How to complete this task: Transcribe the lines below exactly, beginning with the line that holds "Minister Flanagan visits" and ending with the final line, both included. Pictures are to be left out.

Data block:
══════════

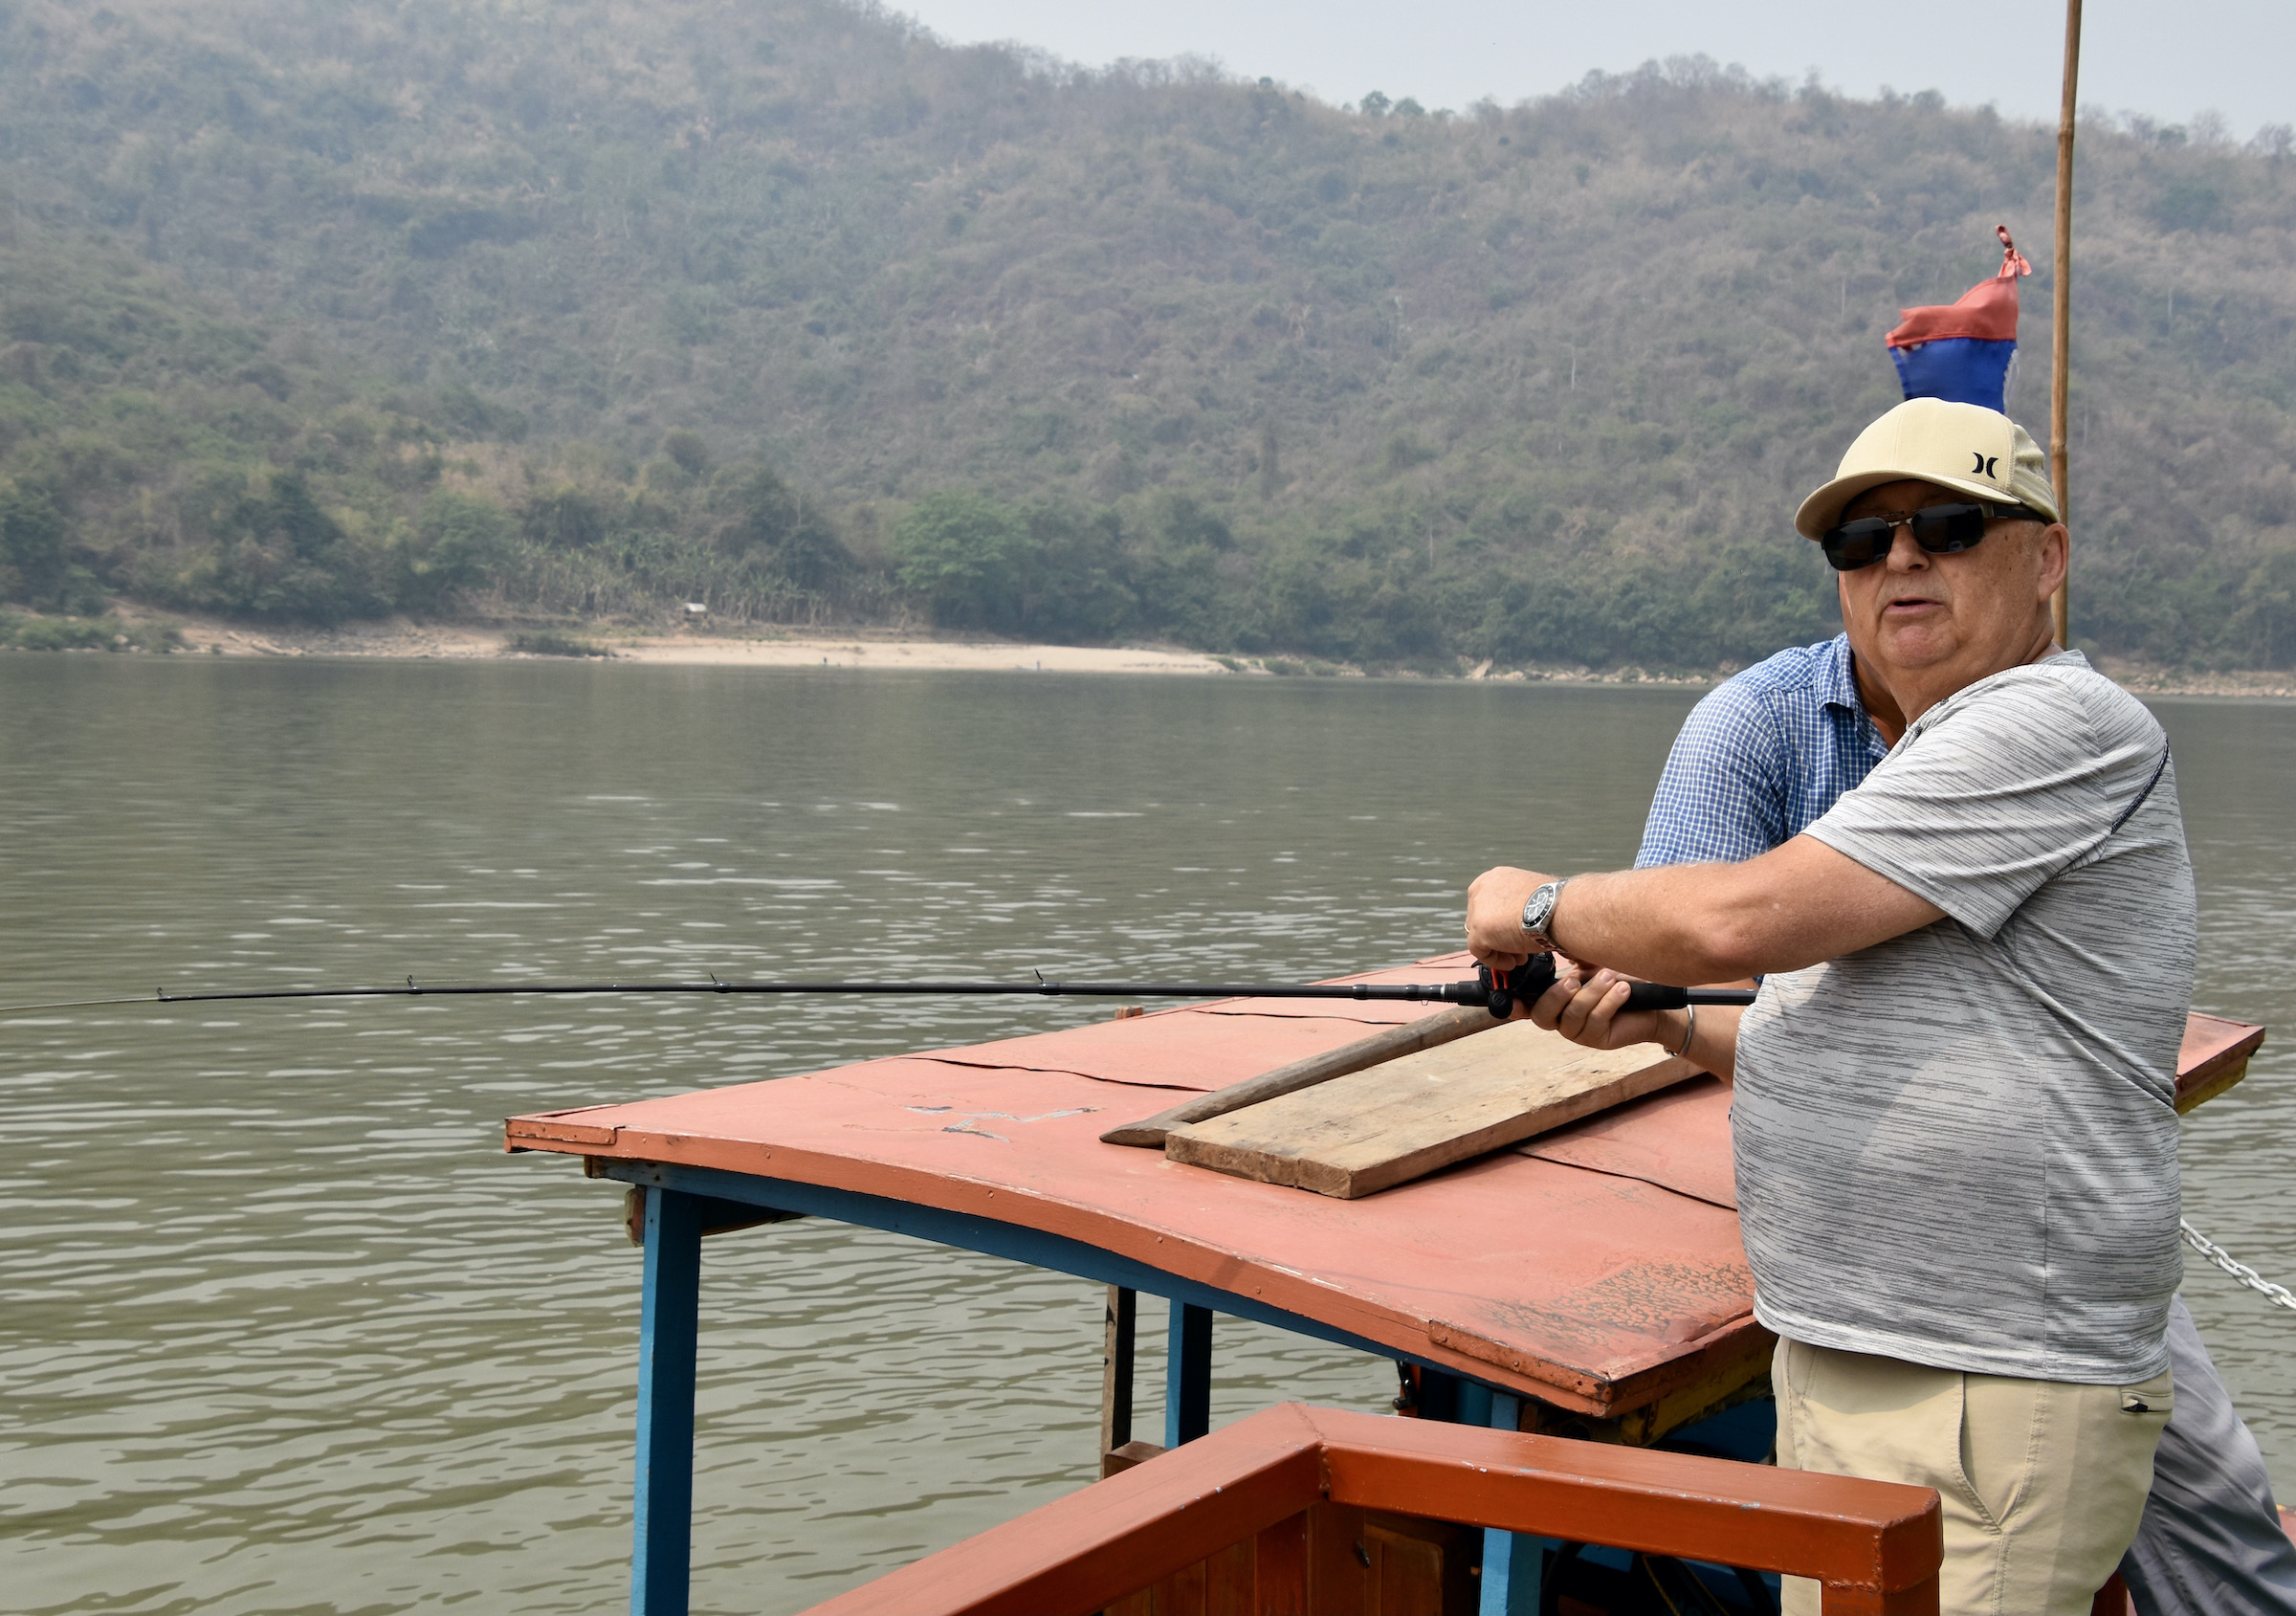 Claude Casts a Line in the Mekong River
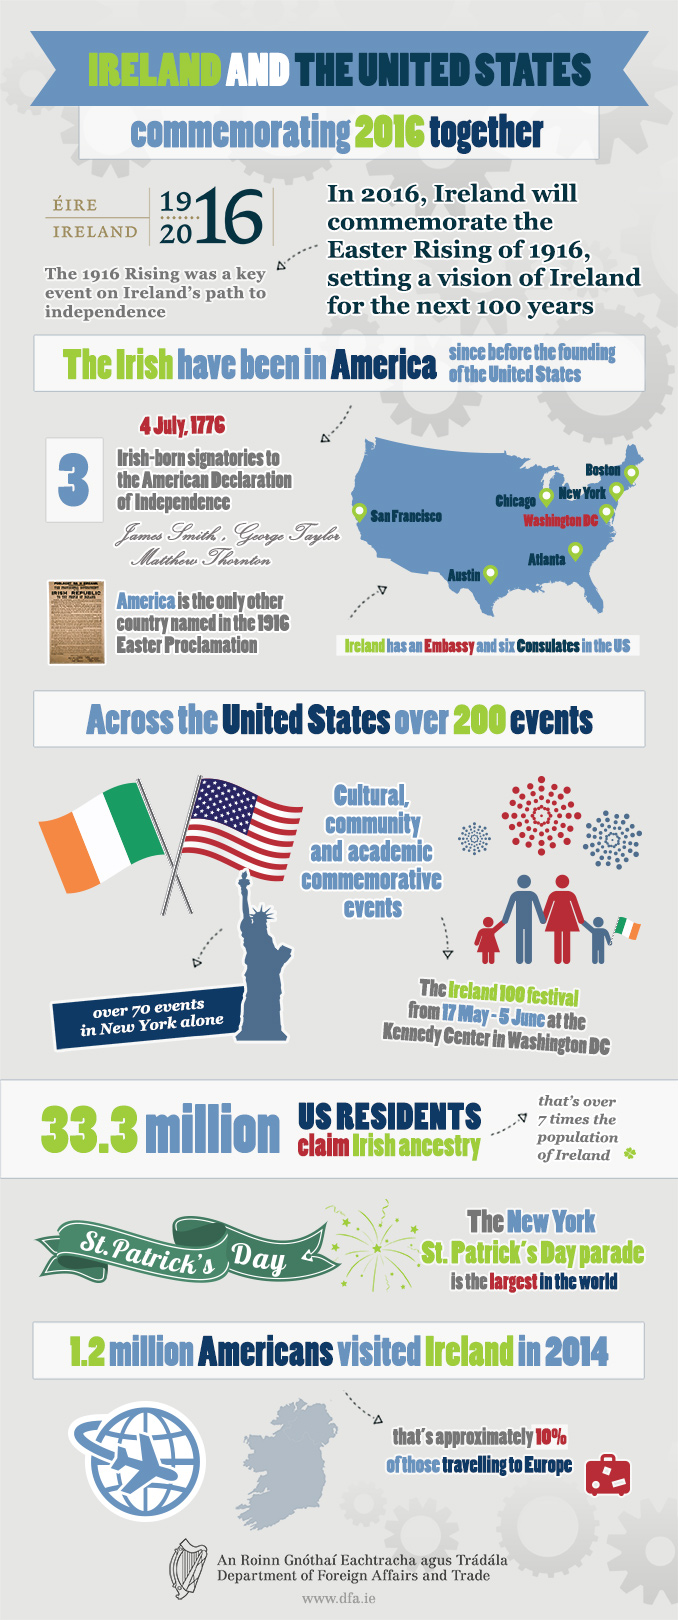 Minister Flanagan visits New York to launch USA Ireland 2016 Programme
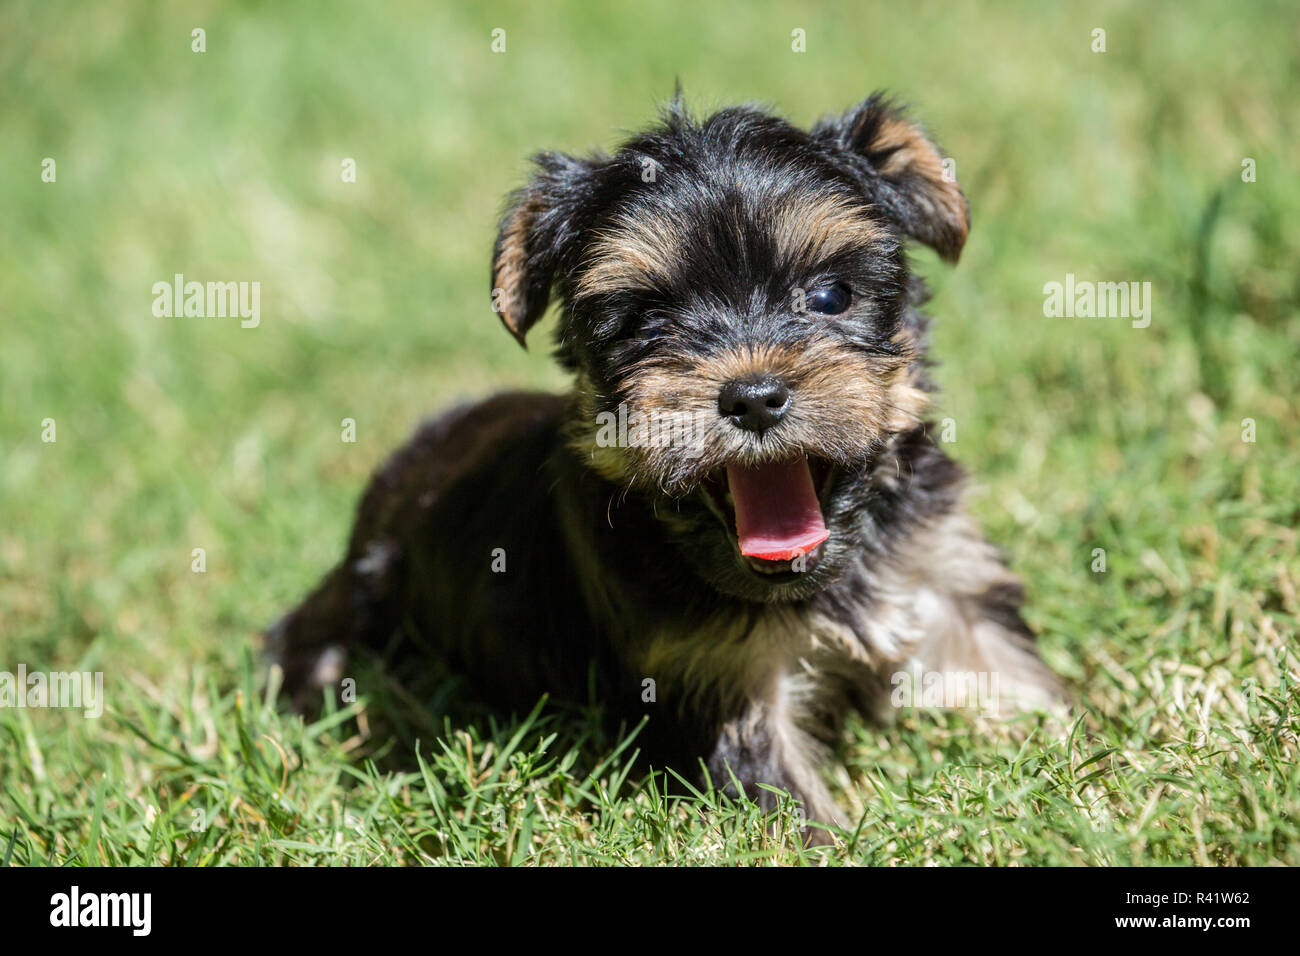 Issaquah, Washington State, USA. Cute tiny Yorkshire Terrier puppy experiencing his first trip outside on a lawn. (PR) Stock Photo

══════════

Answer:
 Minister Flanagan visits New York to launch USA Ireland 2016 Programme
 Issaquah, Washington State, USA. Cute tiny Yorkshire Terrier puppy experiencing his first trip outside on a lawn. (PR) Stock Photo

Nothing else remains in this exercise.